An exact transcription of all the records below is required, without any images.

■ **Records excerpted from a collection**
- Opening Delimiter -

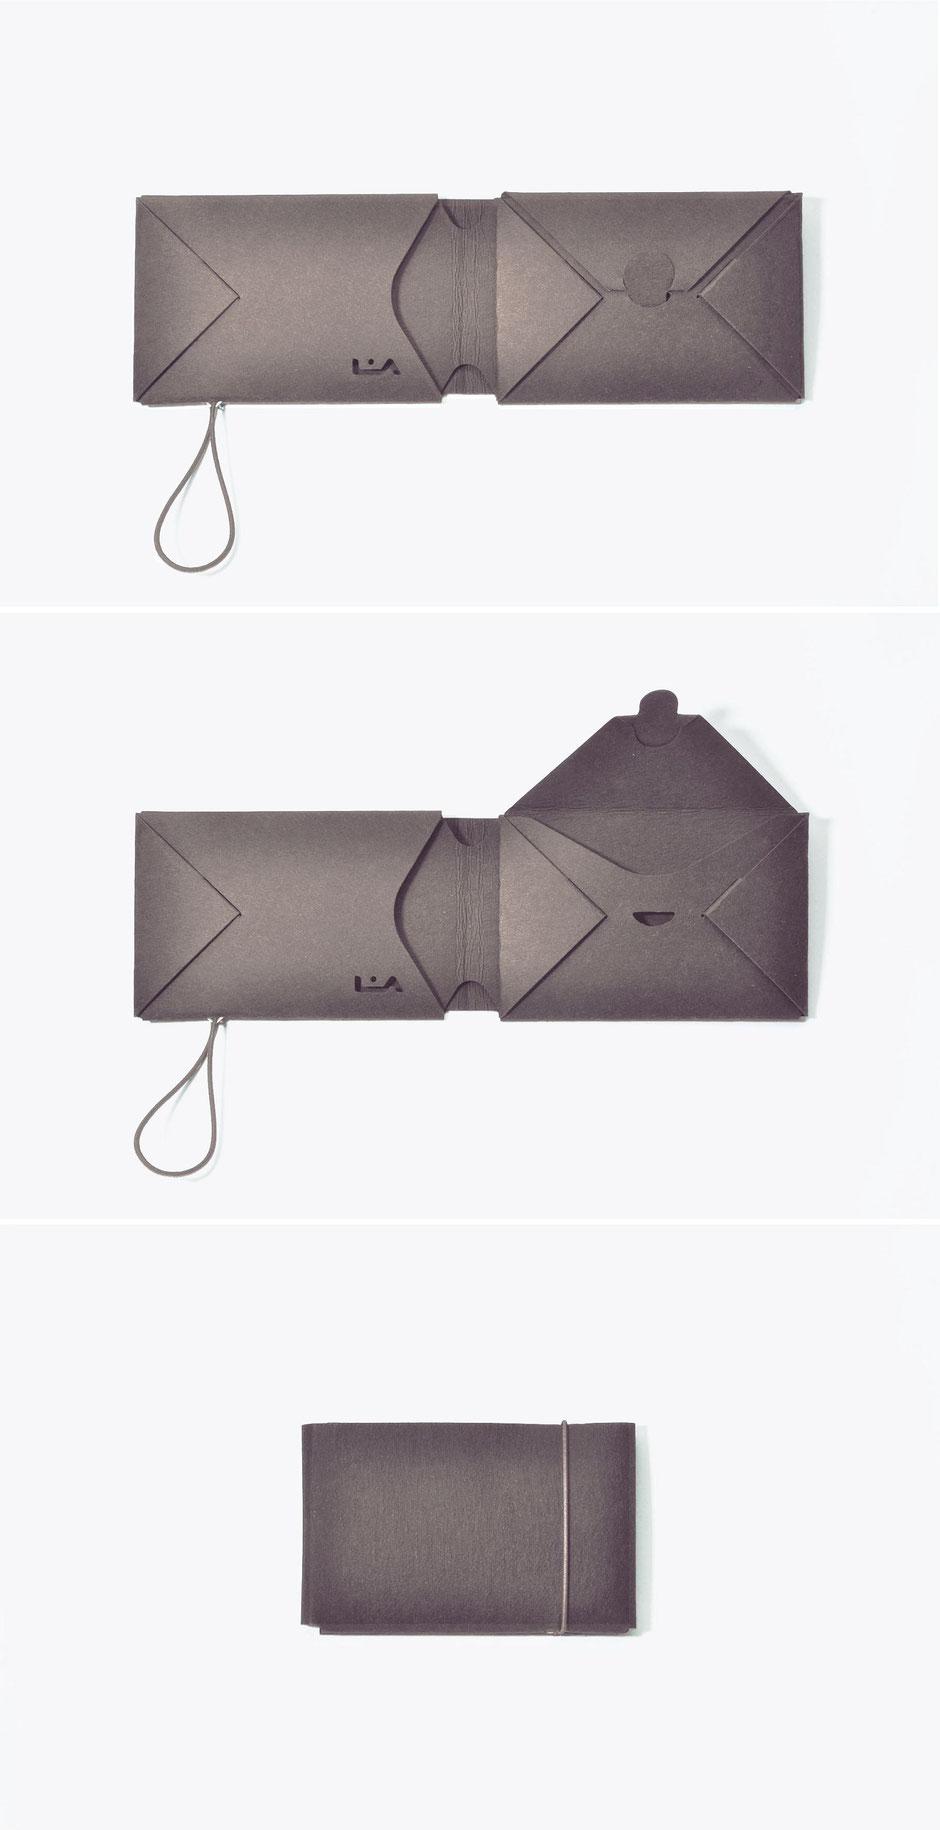 liaform Portemonnaie LUDWIG braun/uni | Vegane Mini Origami Geldbörse | vegan mini oriami purse/wallet | Portefeuille Vegan Mini Origami
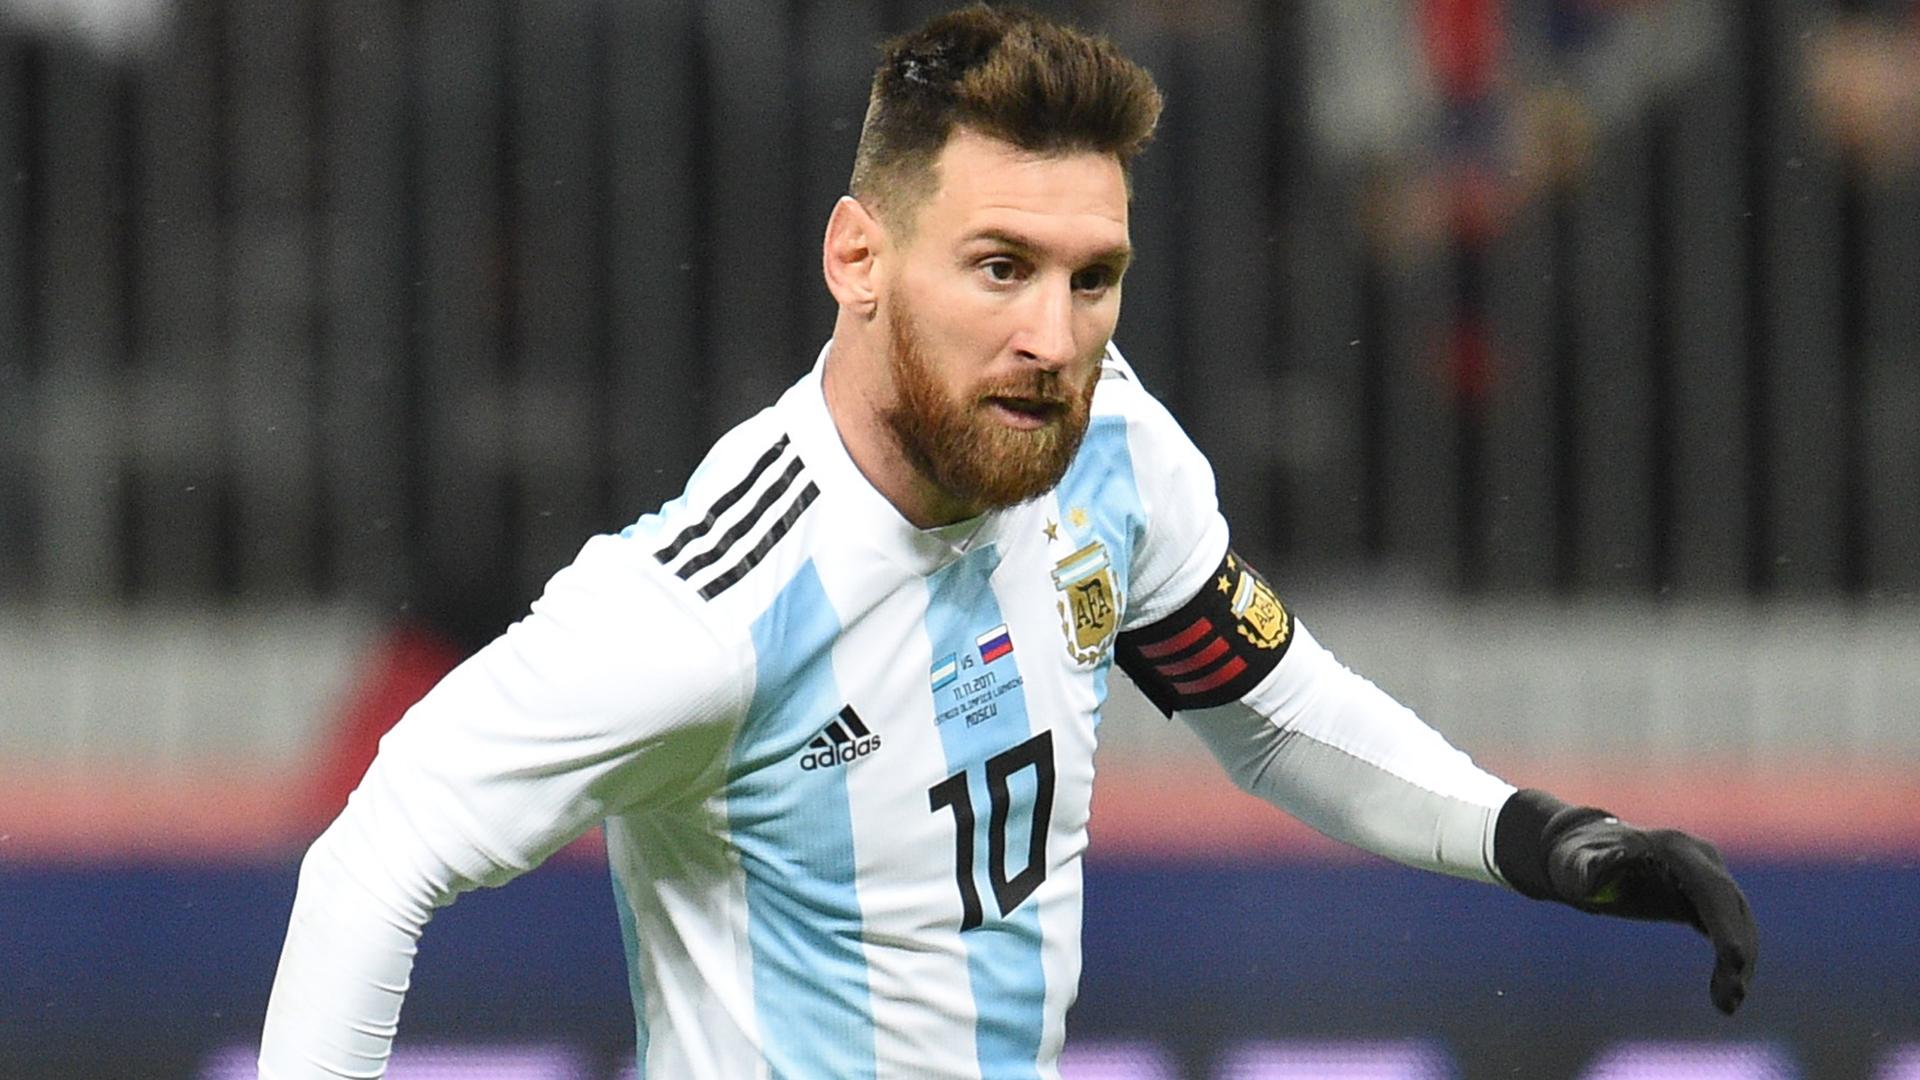 Lionel Messi can lead Argentina to World Cup success u2013 Juan Roman
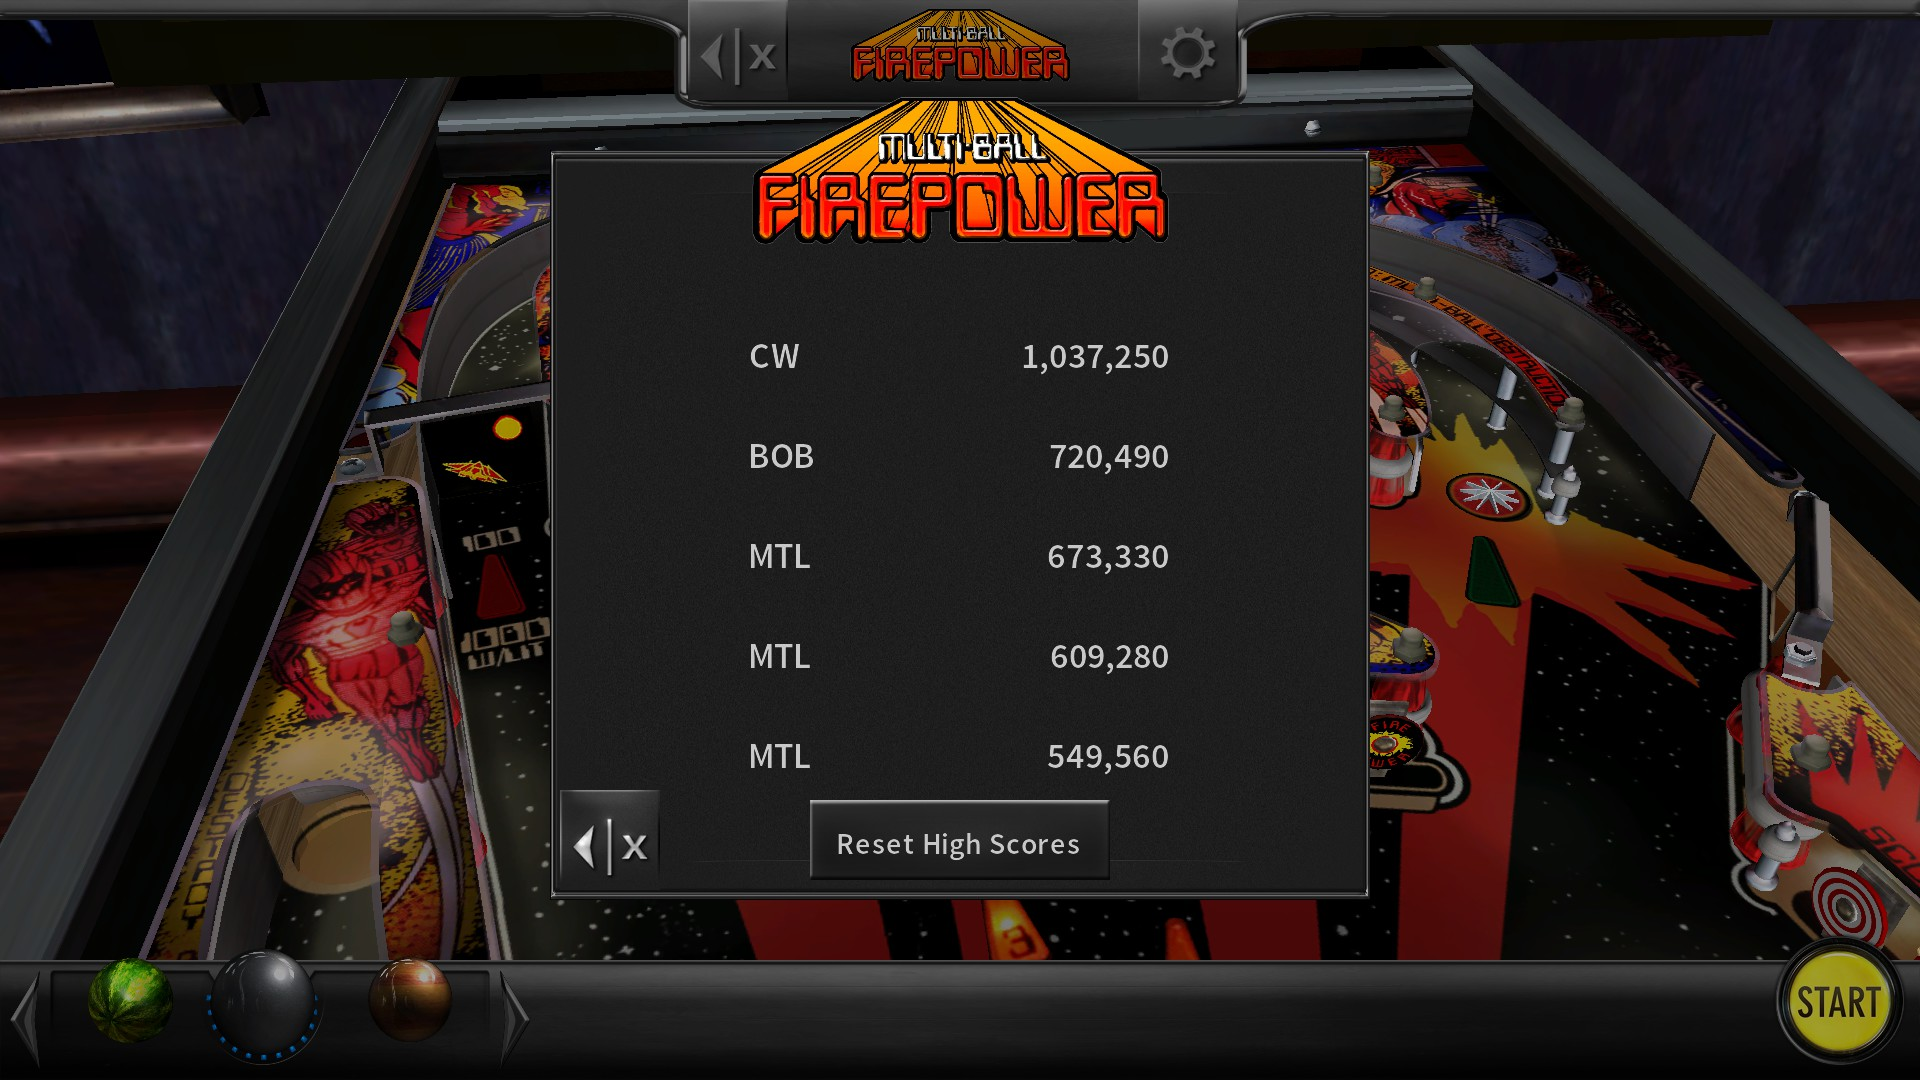 Mantalow: Pinball Arcade: Firepower (PC) 673,330 points on 2018-02-14 11:17:05
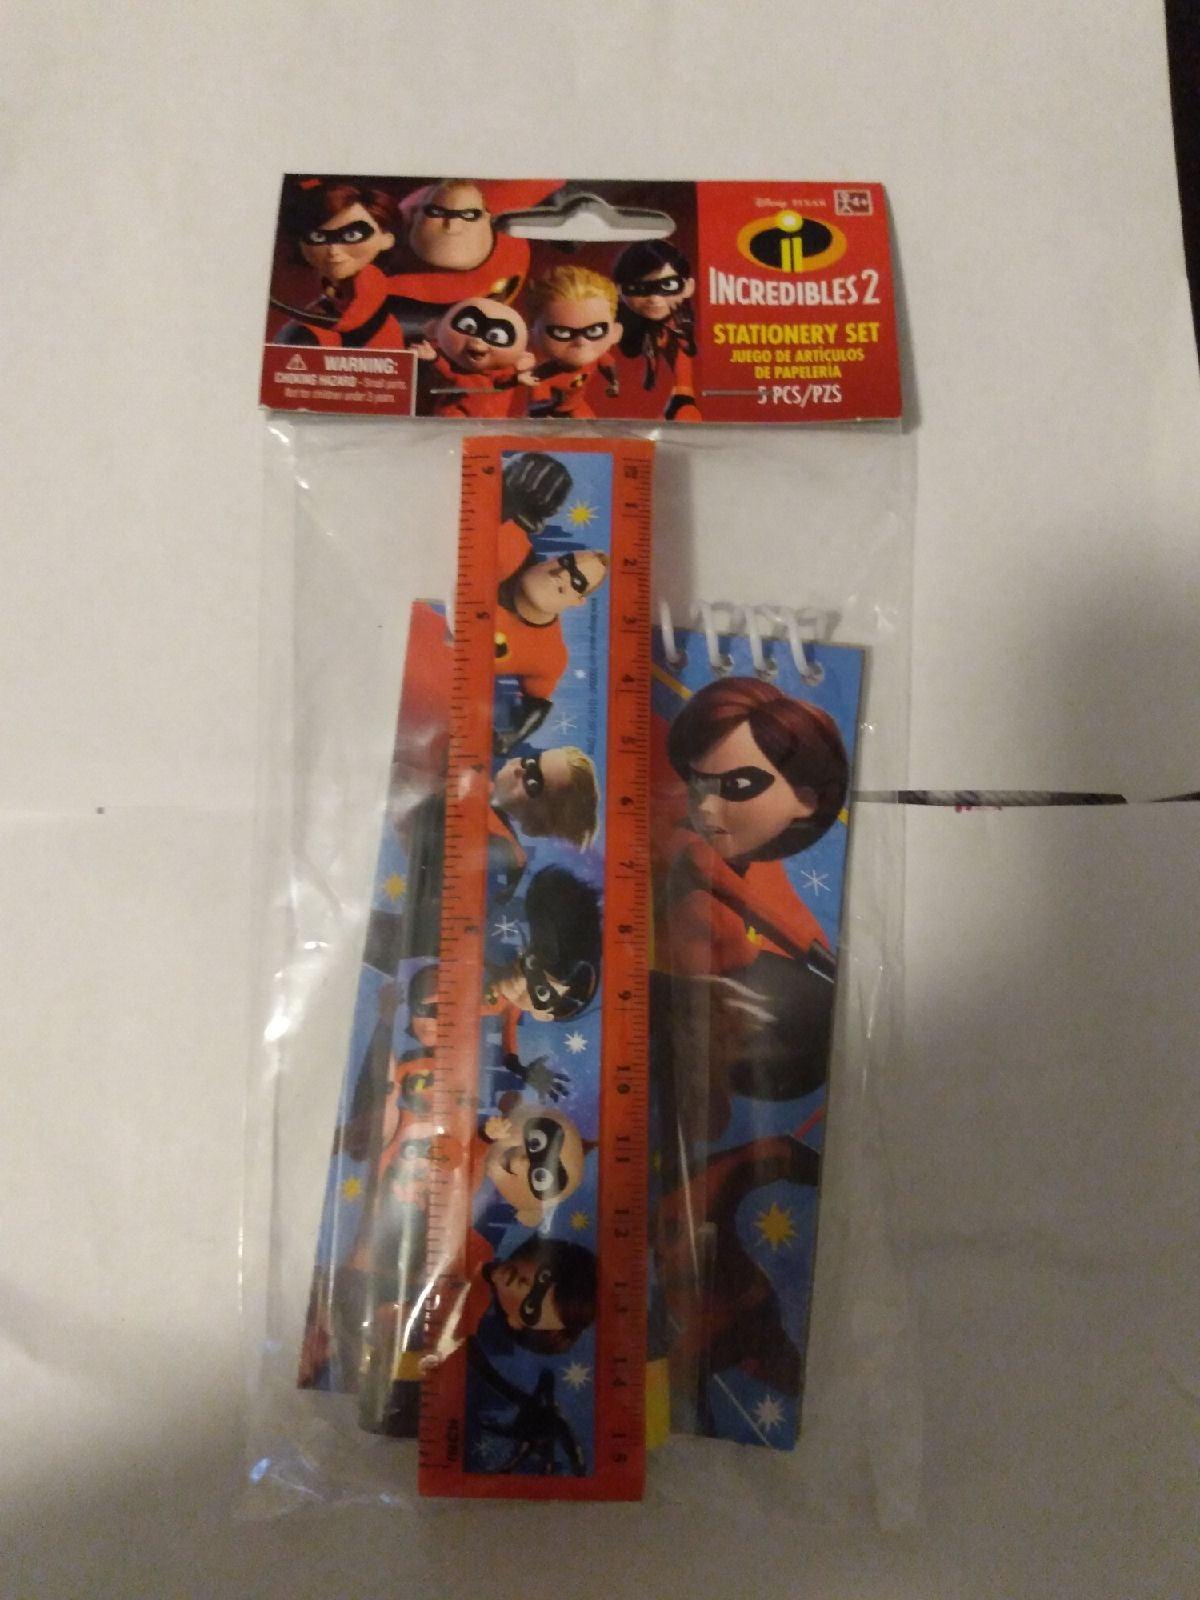 NIP Incredibles 2 Stationery Set
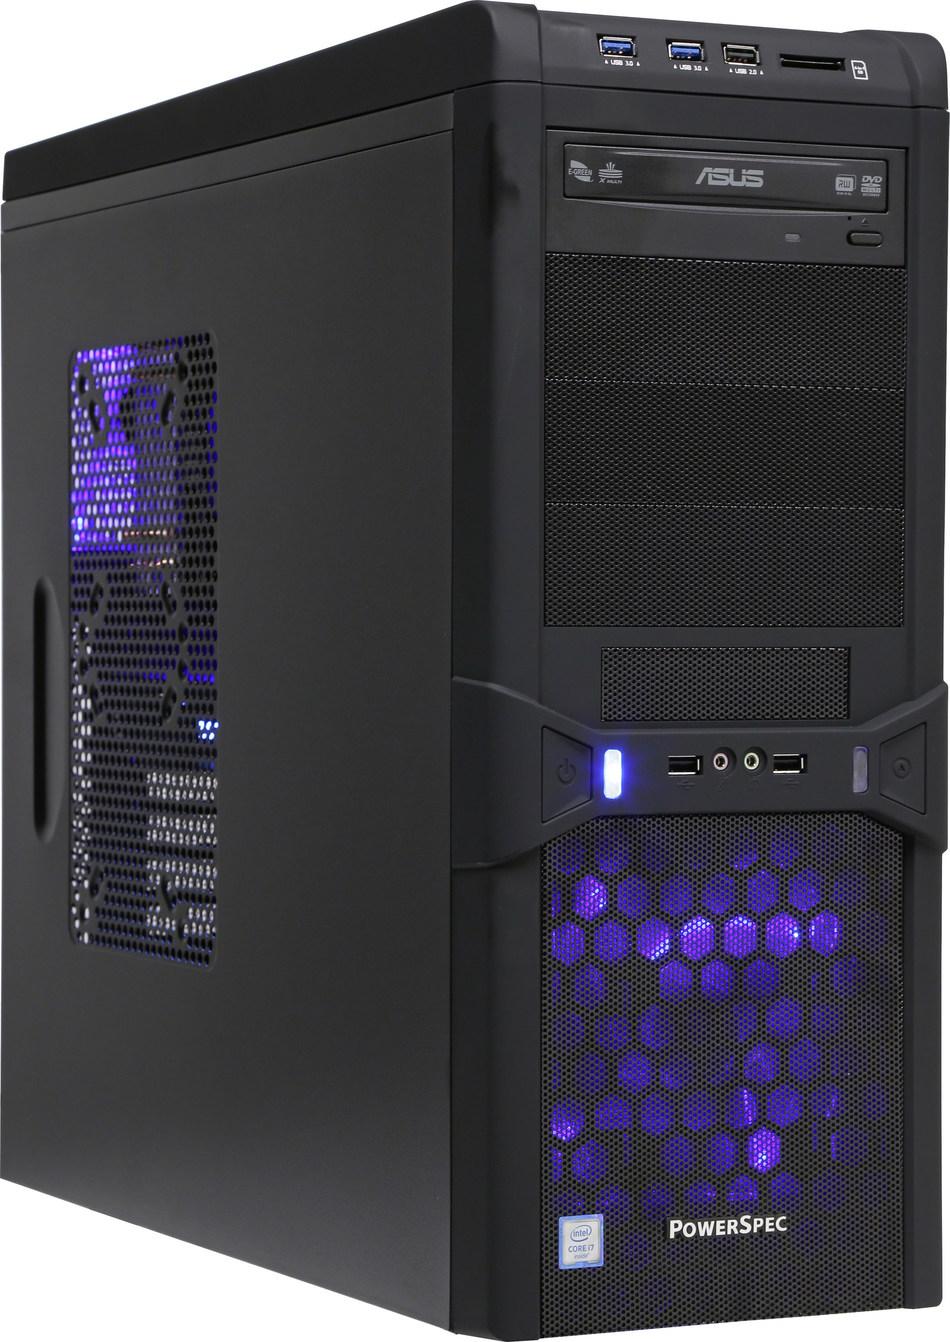 Micro Center's PowerSpec G740 PC with AMD Ryzen 1700X  CPU

- Closing Delimiter -

■ **Result**
 liaform Portemonnaie LUDWIG braun/uni | Vegane Mini Origami Geldbörse | vegan mini oriami purse/wallet | Portefeuille Vegan Mini Origami
 Lionel Messi can lead Argentina to World Cup success u2013 Juan Roman
 Mantalow: Pinball Arcade: Firepower (PC) 673,330 points on 2018-02-14 11:17:05
 NIP Incredibles 2 Stationery Set
 Micro Center's PowerSpec G740 PC with AMD Ryzen 1700X  CPU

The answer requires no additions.